Simply put, Megan Abbott is my new favorite writer. Her run of The Song Is You (2007), Queenpin (2007), and Bury Me Deep (2009) is nothing short of utterly impressive. Fully steeped in the crime and pulp genres of the 50s, Abbott is knocking out deliciously rewarding page-turners, channeling Cain, Chandler, and Ellroy. Her work is pulpy, sexy, and gritty. Beyond that, she’s a great writer. Sentences roll off the pen, stories unfold, pages get turned.

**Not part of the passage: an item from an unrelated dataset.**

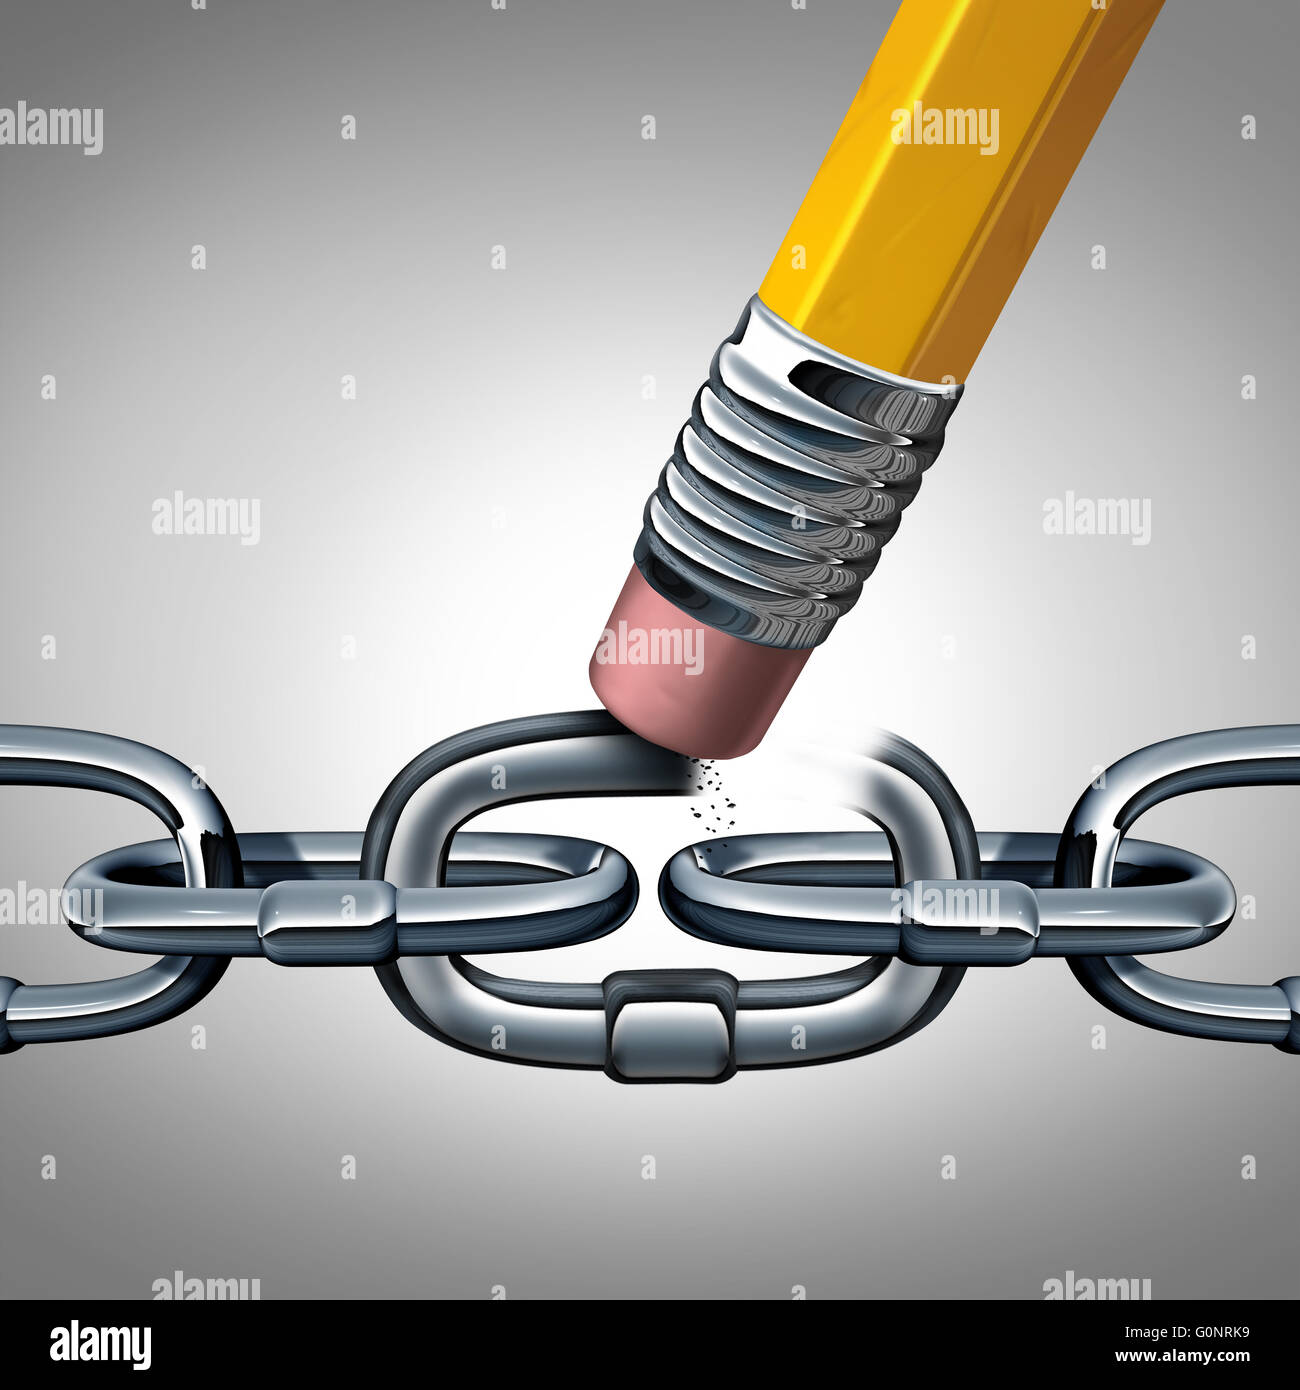 Concept of weakness and broken chain as a business symbol with metal links and a pencil eraser erasing a key connection as a metaphor for disconnecting or divorce with 3D Illustration elements. Stock Photo

Bury Me Deep is the latest, and damn is it good. It starts a bit slowly, but once it gets rolling, it’s a steamroller that can’t be put down. Loosely based on the Trunk Murderess/Blond Butcher scandal of the 30s, the book follows the travails of Marion Seeley, a wayward doctor’s wife. Due to a morphine addiction he can’t shake, the doctor has lost his medical license and heads to Mexico for work, leaving his wife behind to fend for herself in a small desert community in Arizona. Alone and forsaken by her husband, Marion falls in with two party girls—a nurse she meets at the clinic where she is working, and her sidekick who continues to party while battling t.b. Marion gets caught up in the thrill of it all—the parties, the flirtations, the sultry nights, and the men. She ultimately dives deep into an illicit affair with a respected businessman, who, as it turns out, is far from respectable.

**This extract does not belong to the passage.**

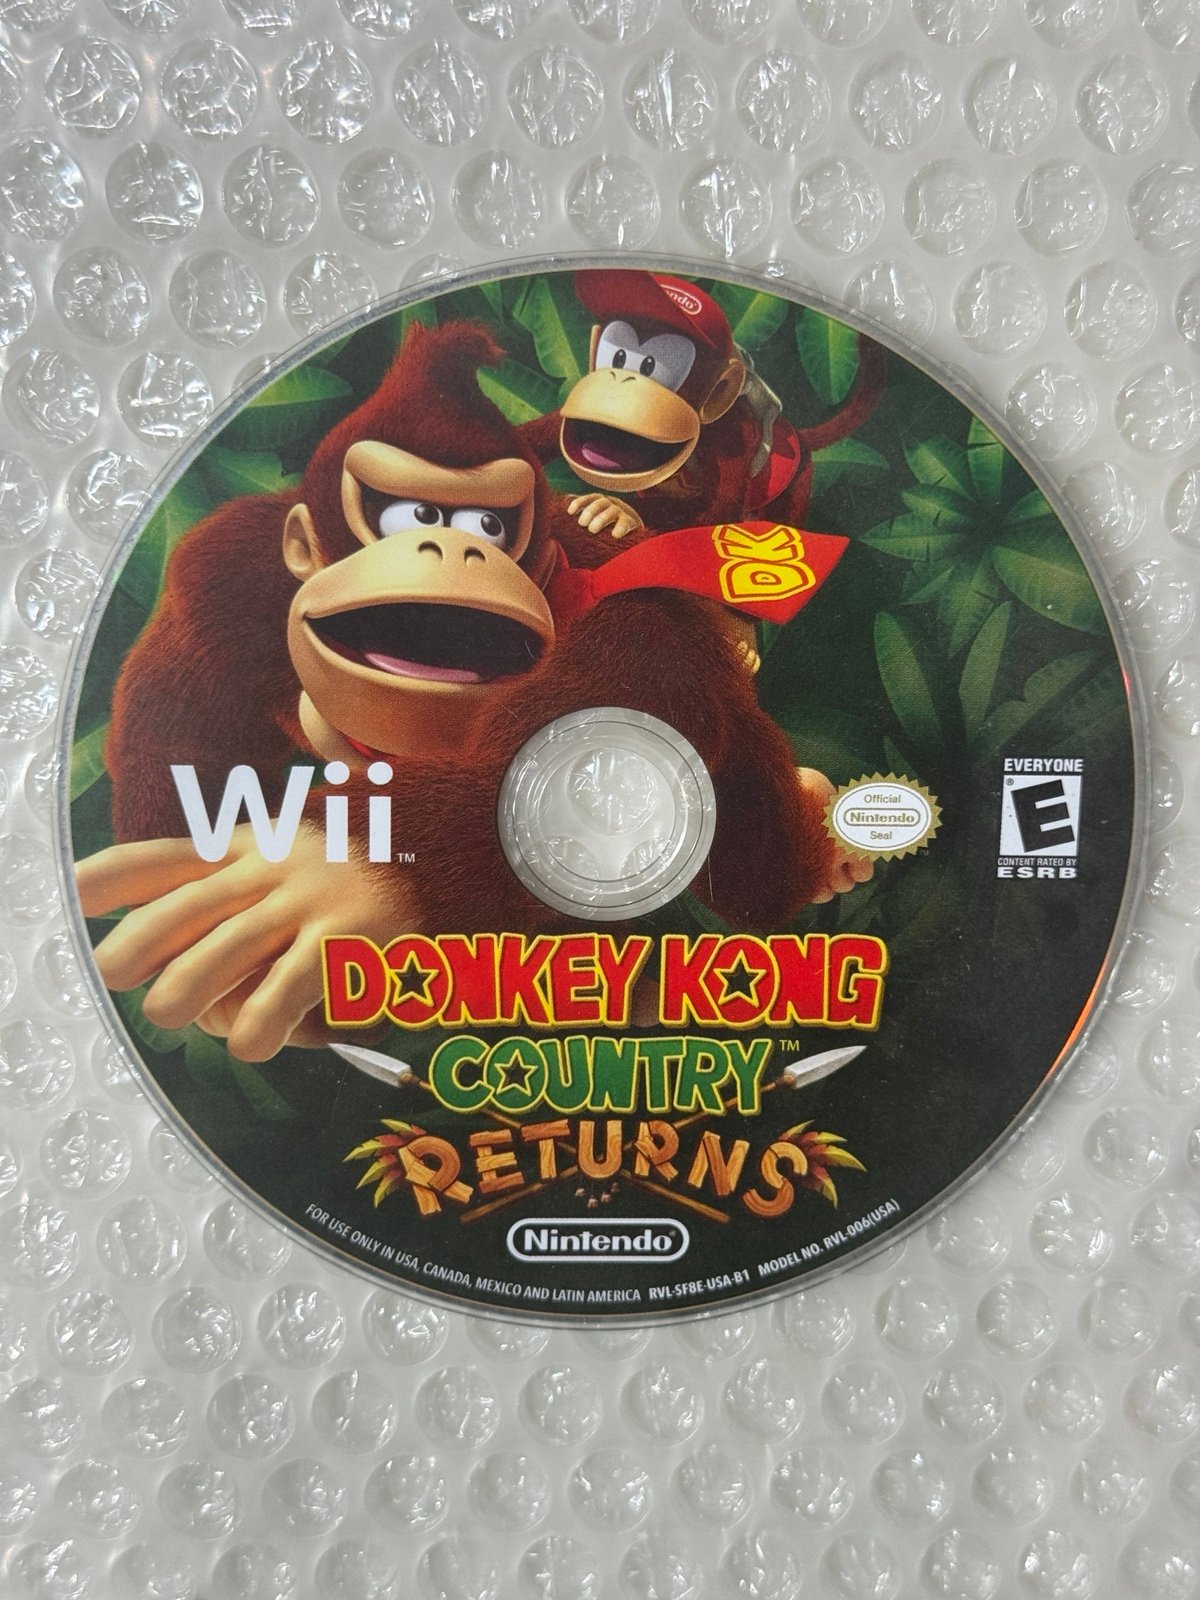 Donkey Kong Country Returns Very Clean Disc for Nintendo Wii SHIPS SAME DAY!!! DQ5EOfrBc

But what makes Bury Me Deep so great is that lurking beneath the standard pulp plotline is a story resonating with emotional depth. Abbott offers up a world where good people, in moments of weakness, make bad choices that lead to disastrous results. The heart of the book lies within Marion as she battles with herself. Her inner-turmoil is profound. Why does she rush headlong into an affair she knows is wrong? Is it so wrong? Why can’t she stop? Is her betrayal due to loneliness or is her betrayal a sign of who she truly is? And when everything goes wrong, how do you figure out who your true friends are? How do you handle yourself when all your friends abandon you? And when you abandon them? And most importantly, how do you make amends? How do you take responsibility for your own actions? How do you live with yourself when the way you behave doesn’t jibe with who you think you are?

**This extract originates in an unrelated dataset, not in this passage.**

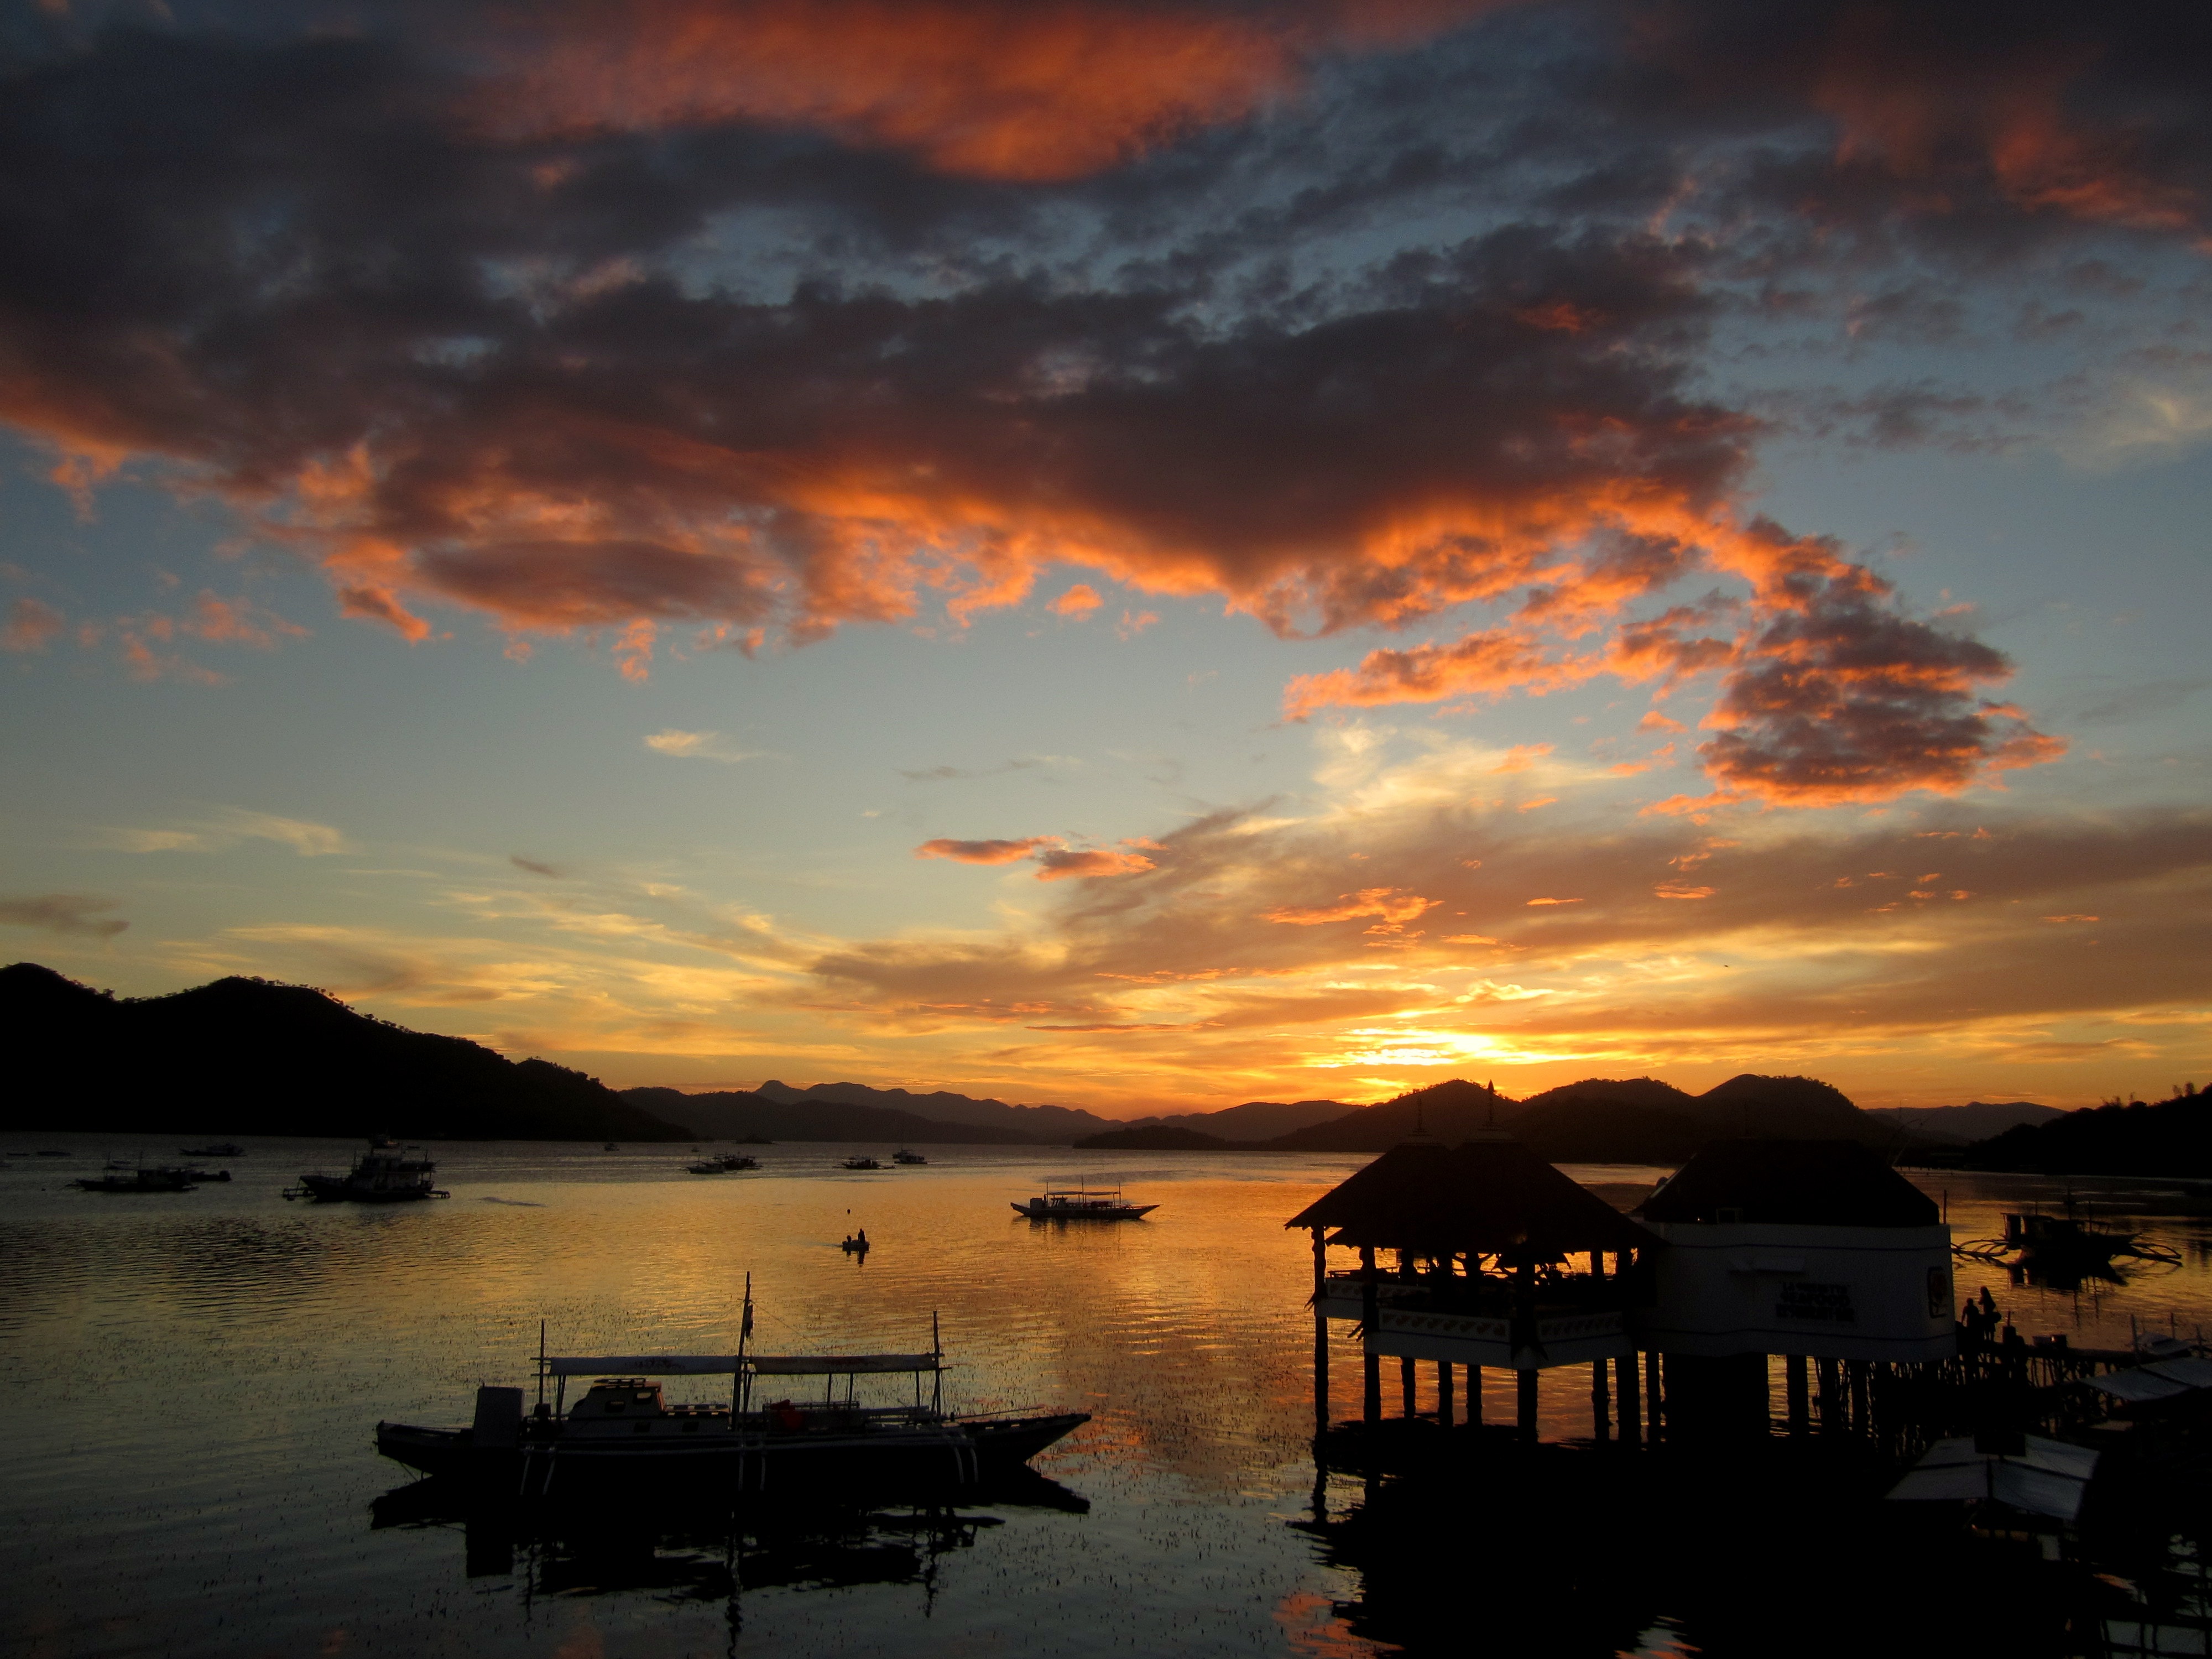 photo essay about sunset in the philippines

In this respect, Bury Me Deep resonates beyond the pulp milieu, mining emotional depths often lacking in much of the genre. Sure, it’s a town filled with party girls with shady pasts and uncertain futures; it’s a town run by men, driven by deceit, corruption, and privilege; it’s a town with questionable sexual mores, filled with addictions and unhealthy itches; a town filled with lung disease. But in Bury Me Deep, the stories do in fact run much deeper.